JEPQ's highest distribution rate (10.96%) and Nasdaq 100 exposure set it apartβ€”it's designed to extract premium from more volatile tech and growth names, accepting a higher beta (0.78) than its peers. JEPI and SPYI both track large-cap exposure (S&P 500 or broader), but SPYI charges more (0.68% vs. 0.35% expense ratio) and delivers a sharply higher yield (12.24% vs. 8.04%), suggesting it takes on more options complexity or holds riskier call strikes. JEPI leads in scale ($44 billion AUM) and came first (May 2020), making it the institutional anchor; SPYI and JEPQ arrived later (2022) with smaller asset bases ($8 billion and $34 billion, respectively).

All three pay monthly. JEPI's beta of 0.54 is meaningfully lower than JEPQ (0.78) and SPYI (0.69), reflecting the gentler downside swing of S&P 500 covered calls versus Nasdaq calls. JEPI's 52-week range ($52–$60) is tighter than SPYI's ($44–$53), another sign of lower volatility.

Who each is best for

JEPI: Conservative income seekers comfortable with modest yield (8%) who want institutional-size liquidity, lower volatility, and the simplicity of S&P 500 exposure held in taxable accounts or IRAs where monthly distributions don't trigger turnover drag.

JEPQ: Growth-income investors with moderate risk tolerance who believe in Nasdaq 100 momentum and want higher yield (11%) from tech/growth optionality; best suited to those who can tolerate 25% swings and don't mind the higher concentration in software and semiconductors.

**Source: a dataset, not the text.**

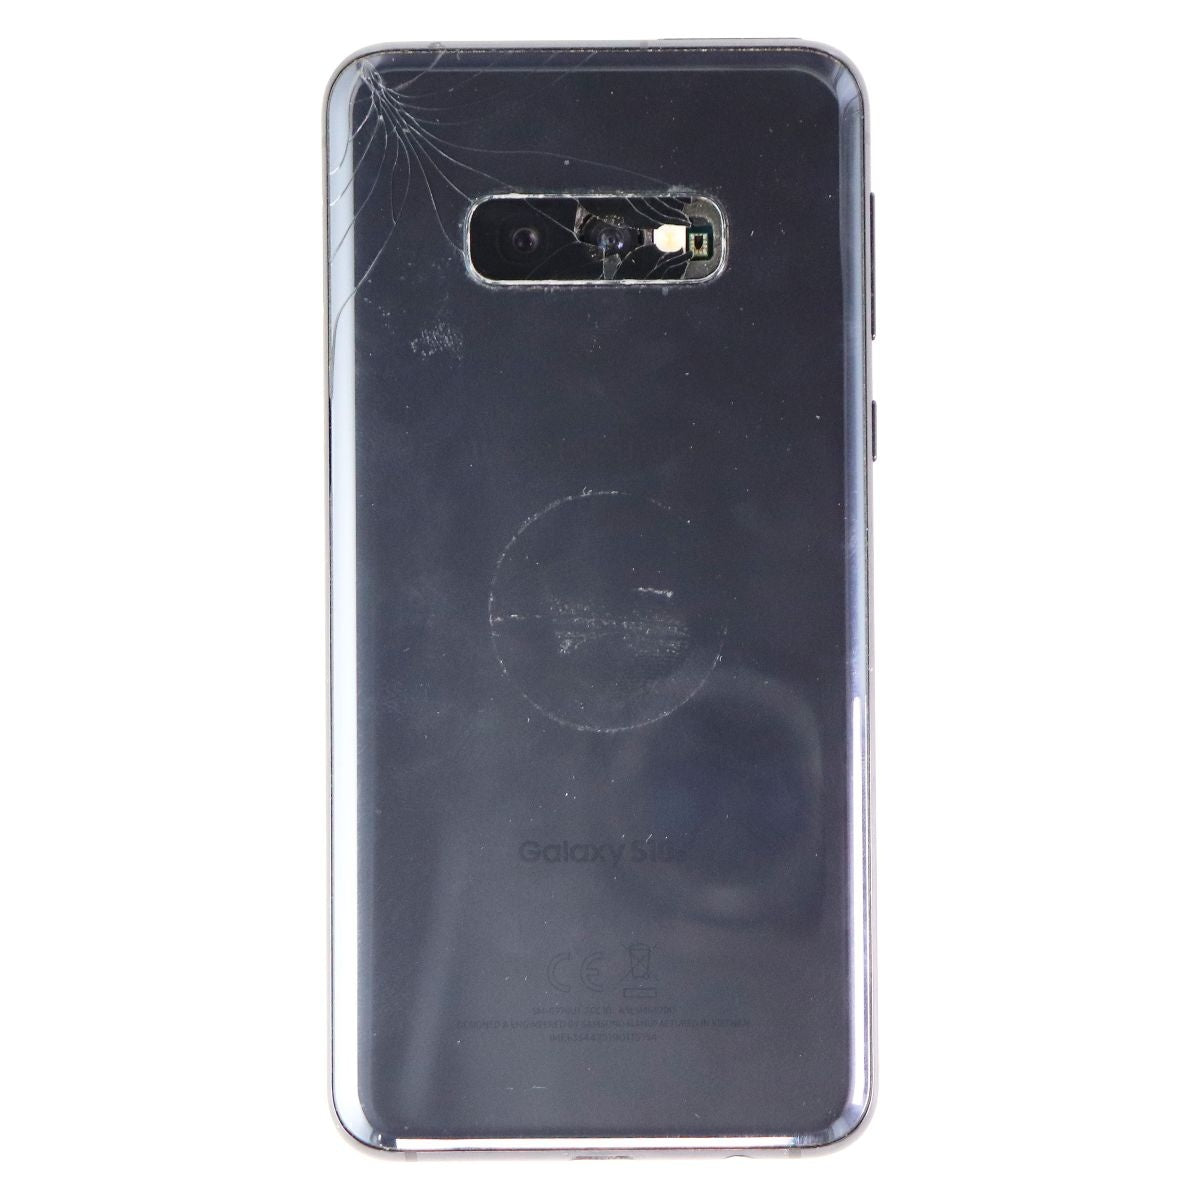 Samsung Galaxy S10e Smartphone (SM-G970U1) Metro PCs Only - 128GB / Prism Blue Cell Phones & Smartphones Samsung    - Simple Cell Bulk Wholesale Pricing - USA Seller

SPYI: Yield-hungry investors pursuing 12%+ income in taxable accounts where tax efficiency claims matter, and who accept higher fees and newer fund management in exchange for perceived premium extraction or a different strike-selection regime.

Key risks to know

  • NAV erosion at sustained high yields. SPYI's 12.24% distribution rate is roughly 2–3Γ— underlying S&P 500 dividend yields; if that gap persists, NAV is likely to erode over time unless call premiums and price appreciation offset the shortfall. JEPQ's 10.96% yield carries similar long-term pressure.
  • Capped upside and call assignment. All three funds sell calls, meaning gains above the strike are forfeited to option buyers. In a sustained bull market, this drag compounds; investors sacrifice the upper tail of equity returns.
  • Concentration and beta asymmetry. JEPQ's Nasdaq 100 tilt means 40%+ of exposure is mega-cap tech. A correction in semiconductors or AI-adjacent stocks hits harder than a broad market dip. JEPI and SPYI spread risk across 500 names, but lower beta (0.54–0.69) suggests call strikes are set conservatively, capping gains further.
  • Options premium sensitivity. When volatility drops (VIX falls), call premiums shrink, reducing sustainable monthly income. All three funds are structurally vulnerable to a low-vol regime.
  • Newer fund track record. JEPQ and SPYI have <4 years of live performance; past returns don't account for fed rate cuts, taper schedules, or recession scenarios that may alter option pricing and redemption patterns.

Bottom line

If you want broad S&P 500 exposure with lower volatility and a reasonable 8% yield, JEPI's size and fee structure stand out. If you're bullish on Nasdaq 100 names and can tolerate swings, JEPQ's 11% yield and tech tilt may feel justified. If you're chasing yield above 12% and betting on superior options management in a taxable account, SPYI offers that betβ€”but at a higher fee and without proven longer-term track record. Past performance doesn't predict future results, and all three will underperform in strong bull markets due to call caps; rising interest rates also tend to compress option premiums, pressuring distributions.

AI-generated analysis for educational purposes only. Verify important details independently; past performance does not guarantee future results.